_Problem to solve:_
Every line of the listing below should come back exactly as written, with no images.

_Collected material:_
= = =
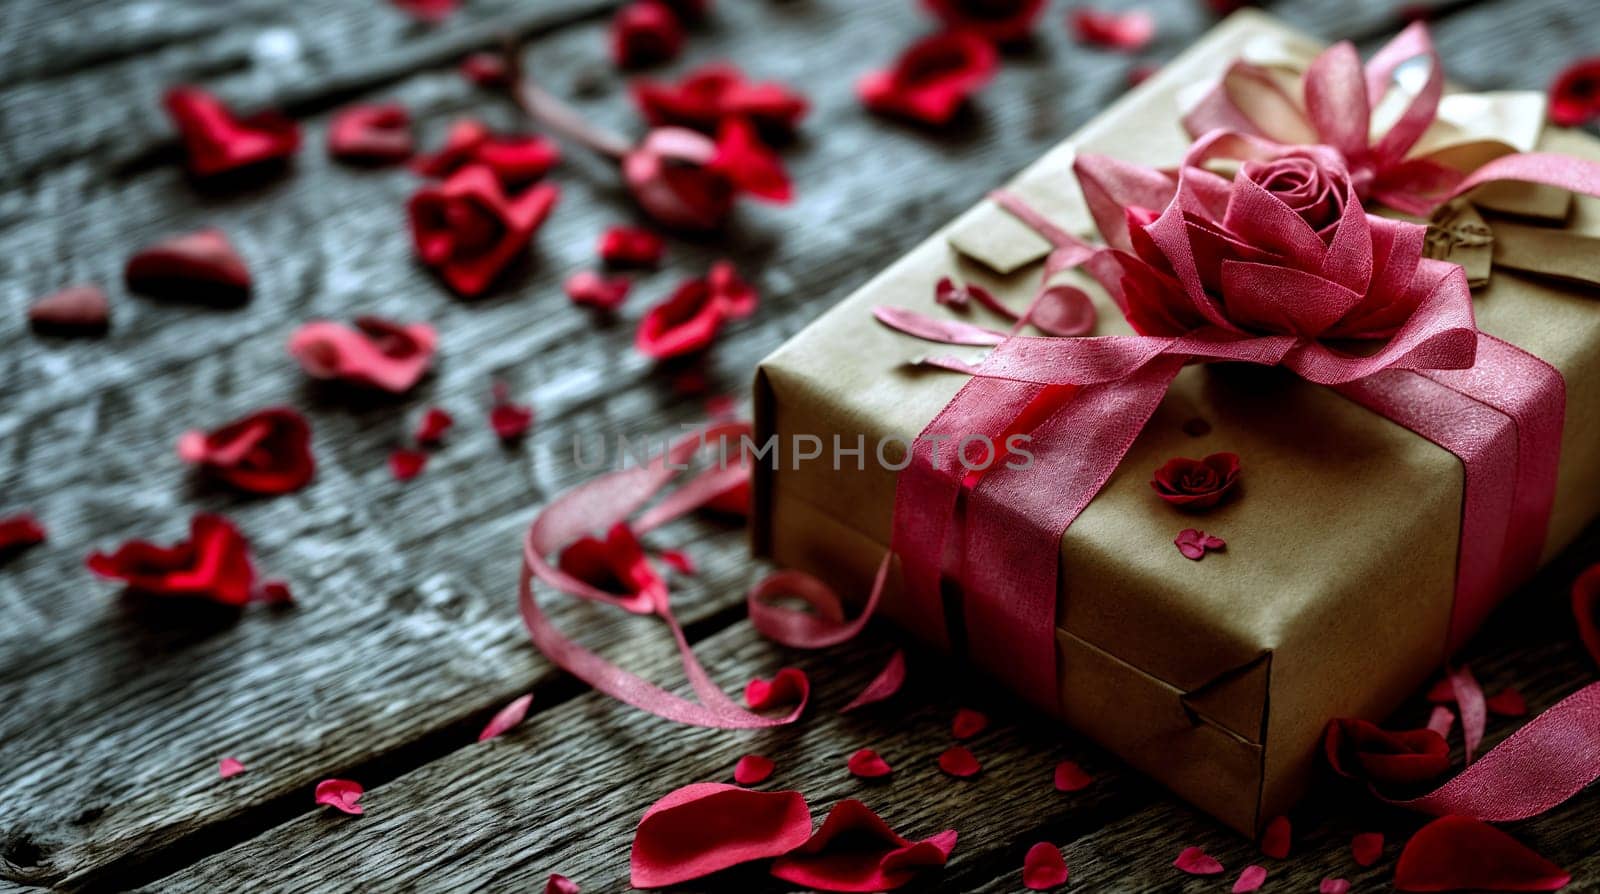 Craft paper gift adorned with a luxurious red ribbon and rose, nestled among scattered petals - Valentine's day background by chrisroll
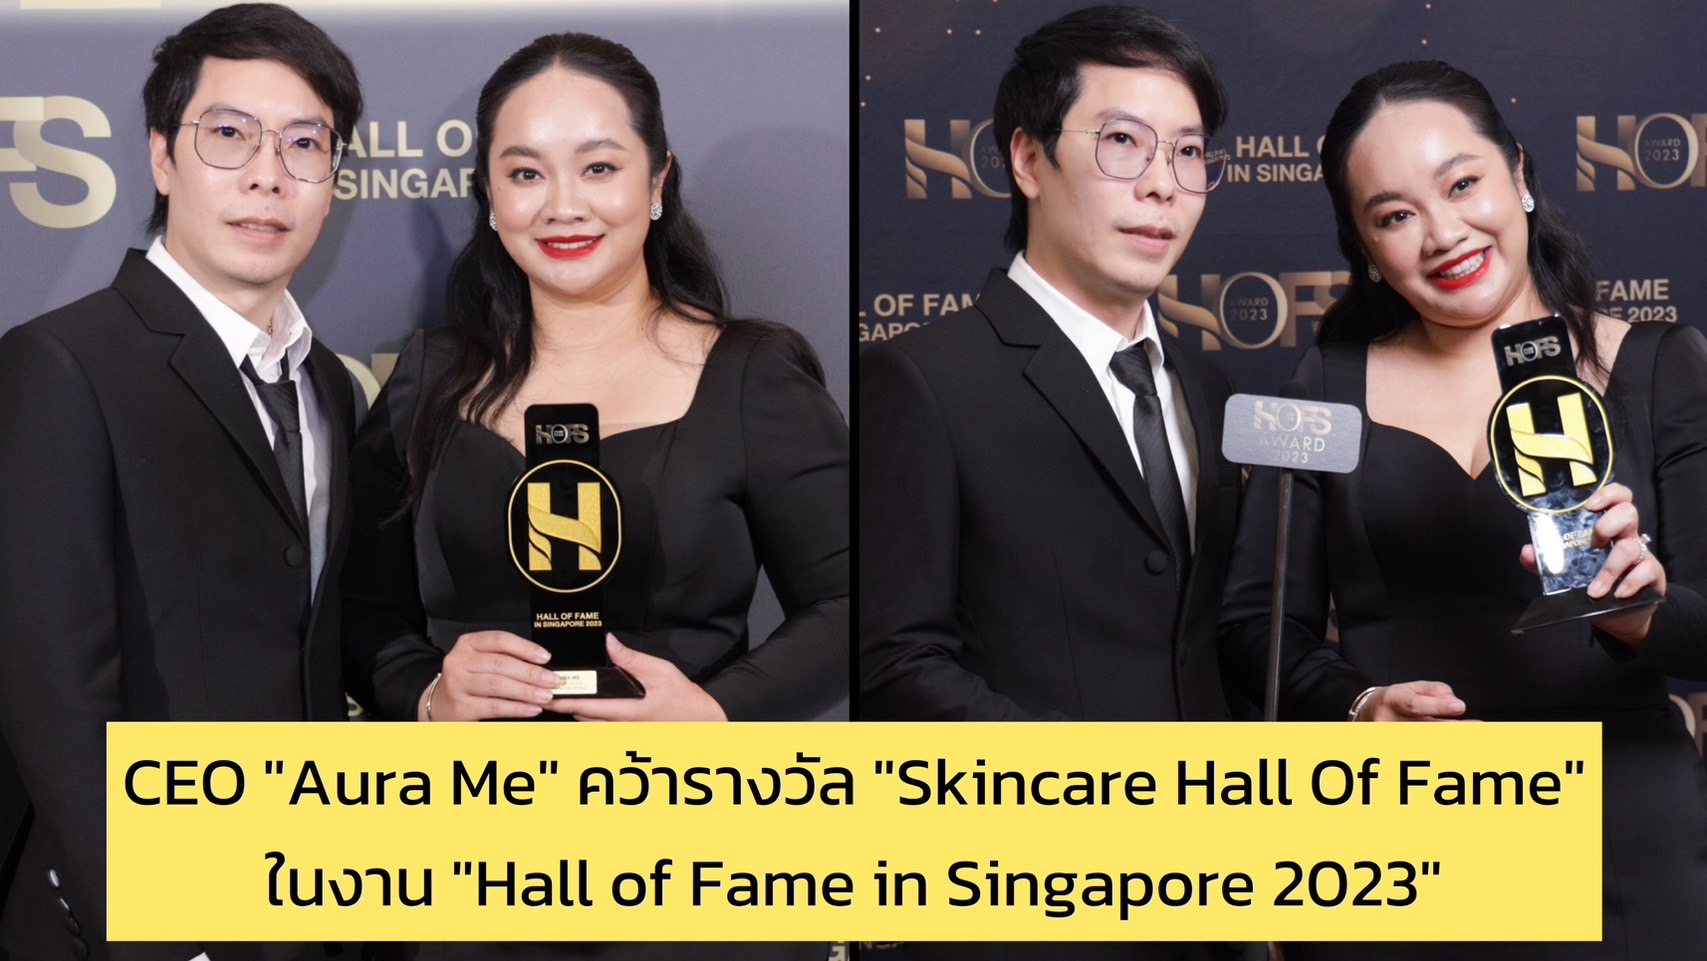 CEO “Aura Me” รับรางวัล “Skincare Hall Of Fame” ในงาน “Hall of Fame in Singapore 2023”
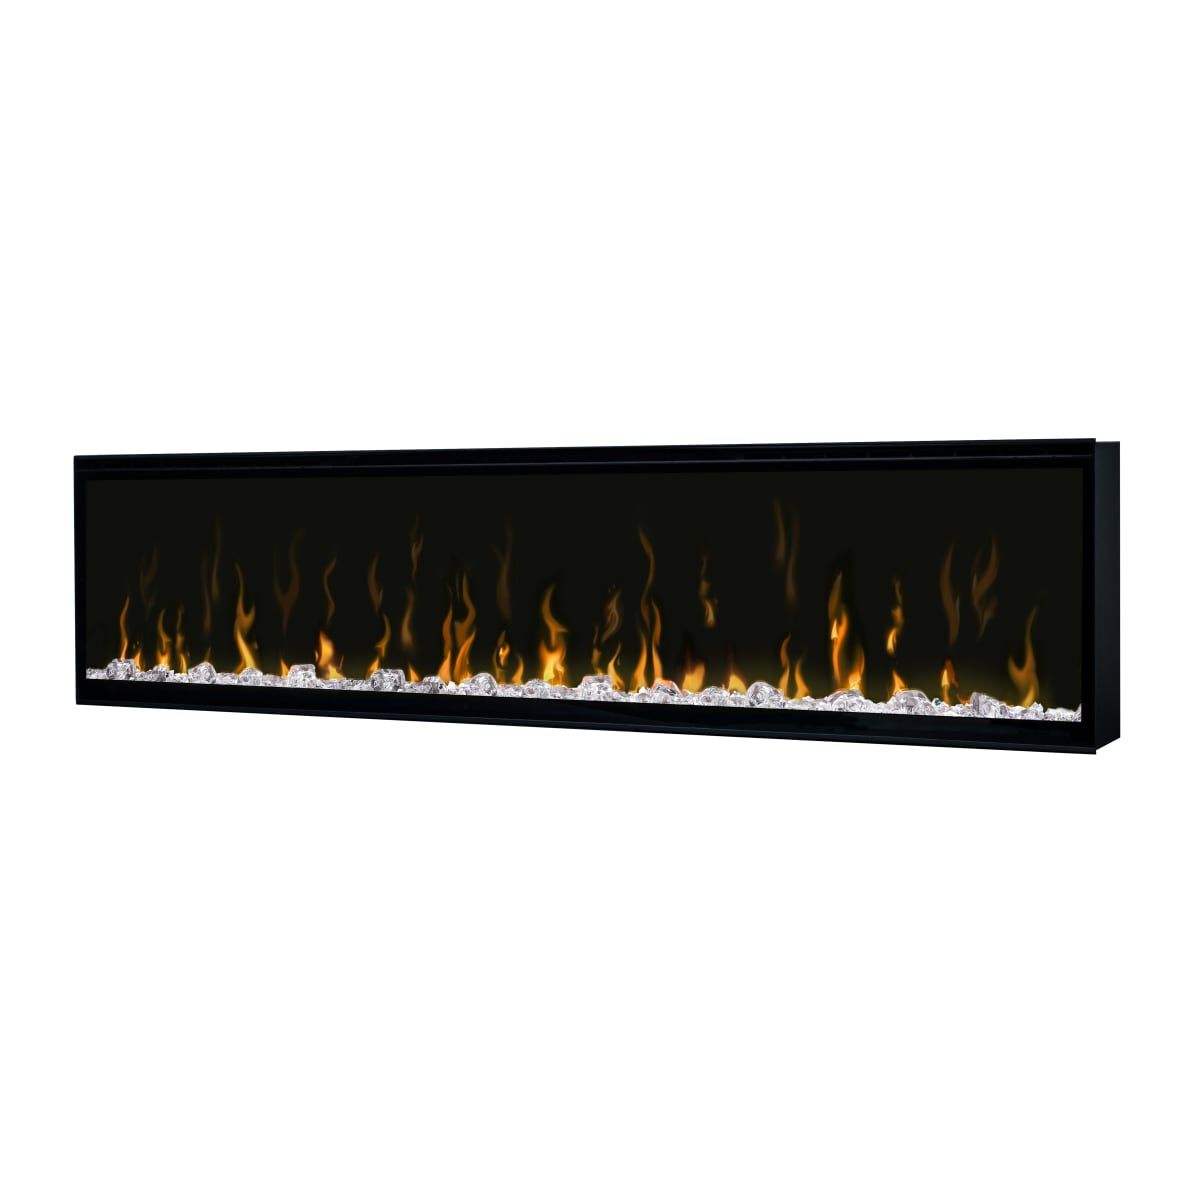 Fire and Ice Fireplace Awesome Warm House Vwwf Valencia Widescreen Wall Mounted
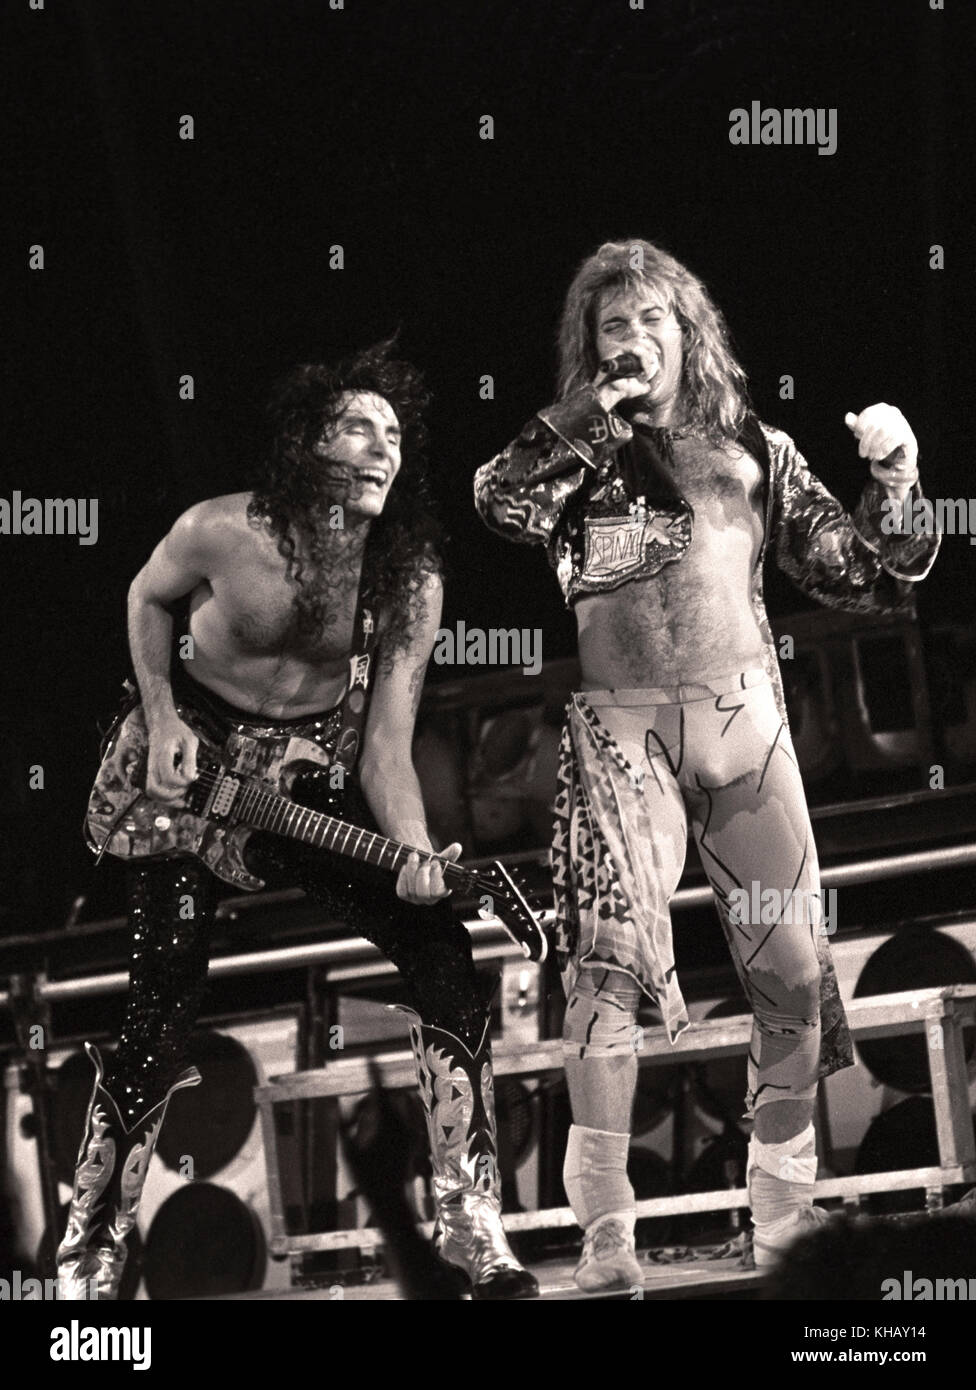 David Lee Roth Band featuring Steve Vai and Billy Sheehan performing at the  Rosemoint Horizion in Rosemont, Illinois. ,1986 © Gene Ambo /  MediaPunch **NO UK or Japan*** Stock Photo - Alamy
= = =
_Answer for the task:_
 Craft paper gift adorned with a luxurious red ribbon and rose, nestled among scattered petals - Valentine's day background by chrisroll
 CEO “Aura Me” รับรางวัล “Skincare Hall Of Fame” ในงาน “Hall of Fame in Singapore 2023”
 Fire and Ice Fireplace Awesome Warm House Vwwf Valencia Widescreen Wall Mounted
 David Lee Roth Band featuring Steve Vai and Billy Sheehan performing at the  Rosemoint Horizion in Rosemont, Illinois. ,1986 © Gene Ambo /  MediaPunch **NO UK or Japan*** Stock Photo - Alamy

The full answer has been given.